DATASET SECTION -
=== Begin Enclosure ===

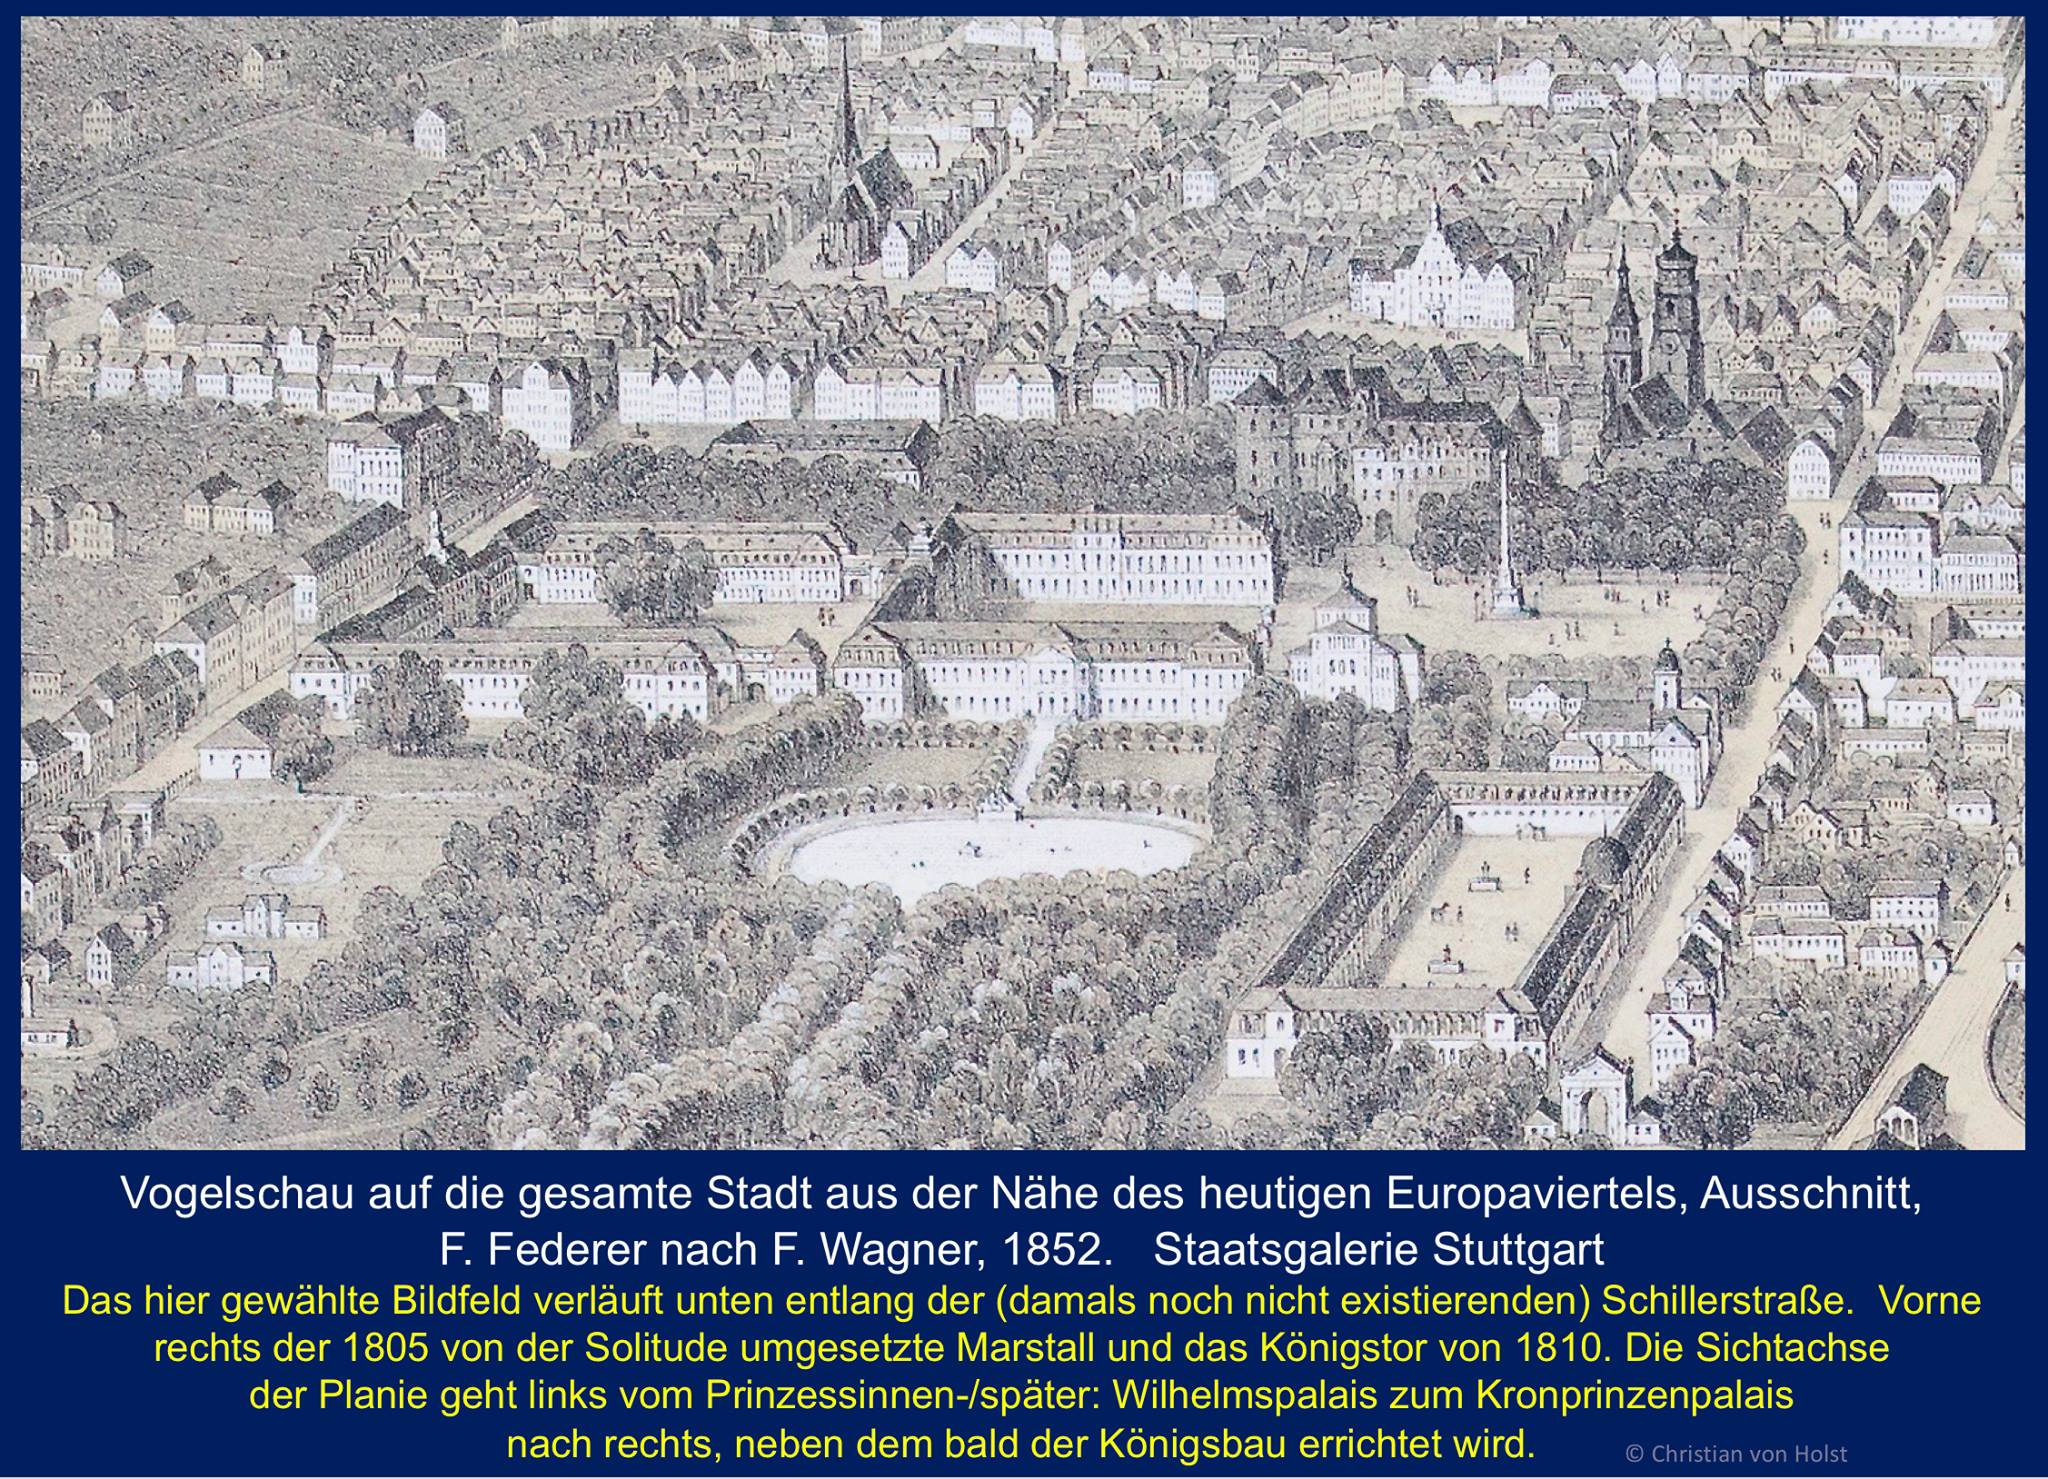 Vogelschau von 1852: Planie - Scharnier zwischen Schlossareal und Stadtkern
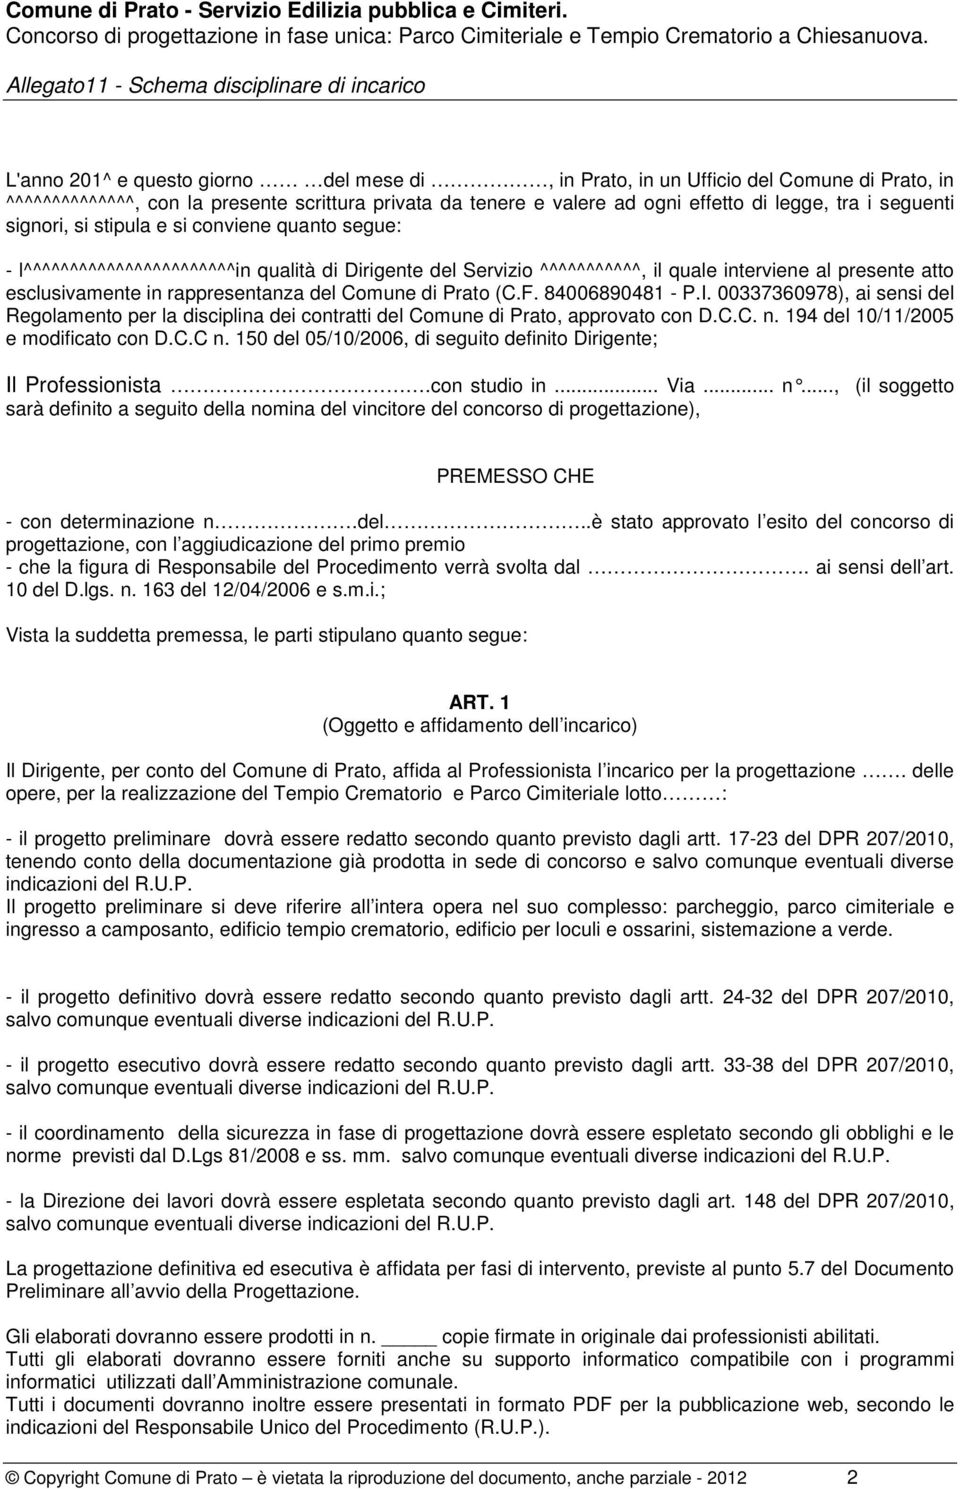 Comune di Prato (C.F. 84006890481 - P.I. 00337360978), ai sensi del Regolamento per la disciplina dei contratti del Comune di Prato, approvato con D.C.C. n. 194 del 10/11/2005 e modificato con D.C.C n.
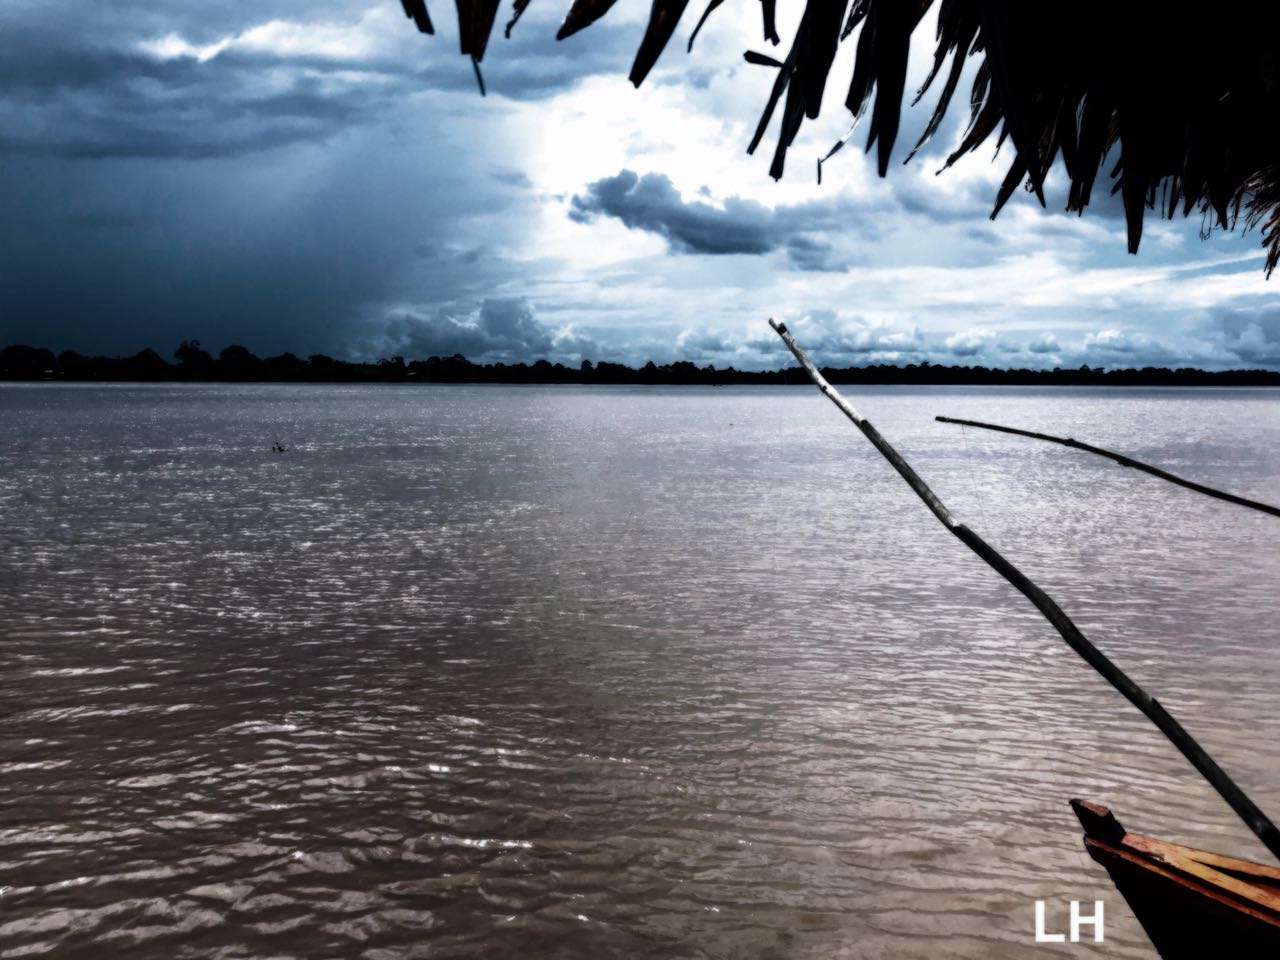 Personas pescando a orilla del rio Amazonas
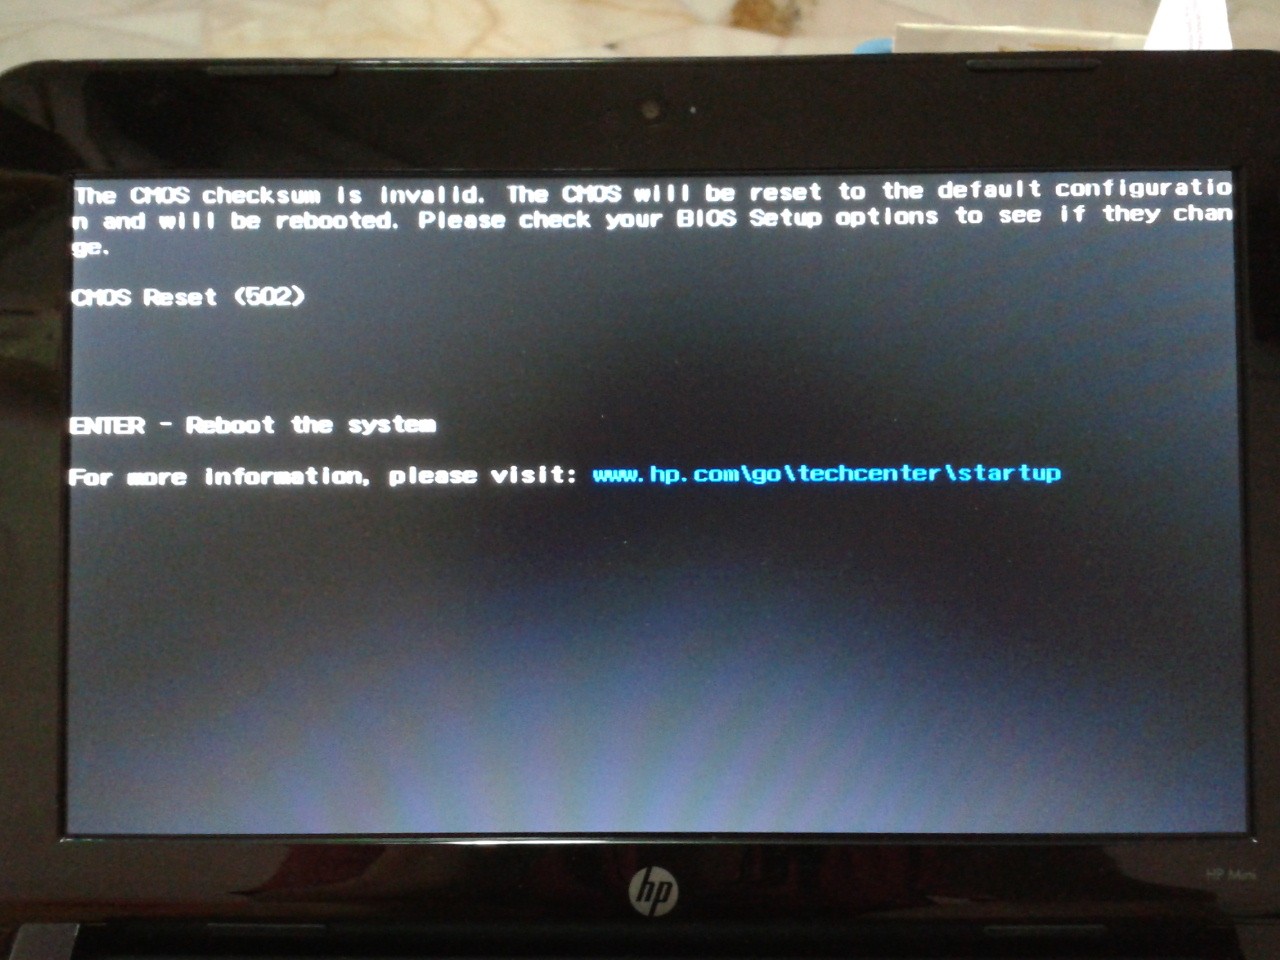 Im getting CMOS reset (27) error code when restarts my lapt

=== End Enclosure ===

WHAT TO PRODUCE - Wherever an image appears in the data, omit it and repeat everything else exactly.

OUTPUT FOR THIS TASK -
 Vogelschau von 1852: Planie - Scharnier zwischen Schlossareal und Stadtkern
 Comune di Prato (C.F. 84006890481 - P.I. 00337360978), ai sensi del Regolamento per la disciplina dei contratti del Comune di Prato, approvato con D.C.C. n. 194 del 10/11/2005 e modificato con D.C.C n.
 Personas pescando a orilla del rio Amazonas
 Im getting CMOS reset (27) error code when restarts my lapt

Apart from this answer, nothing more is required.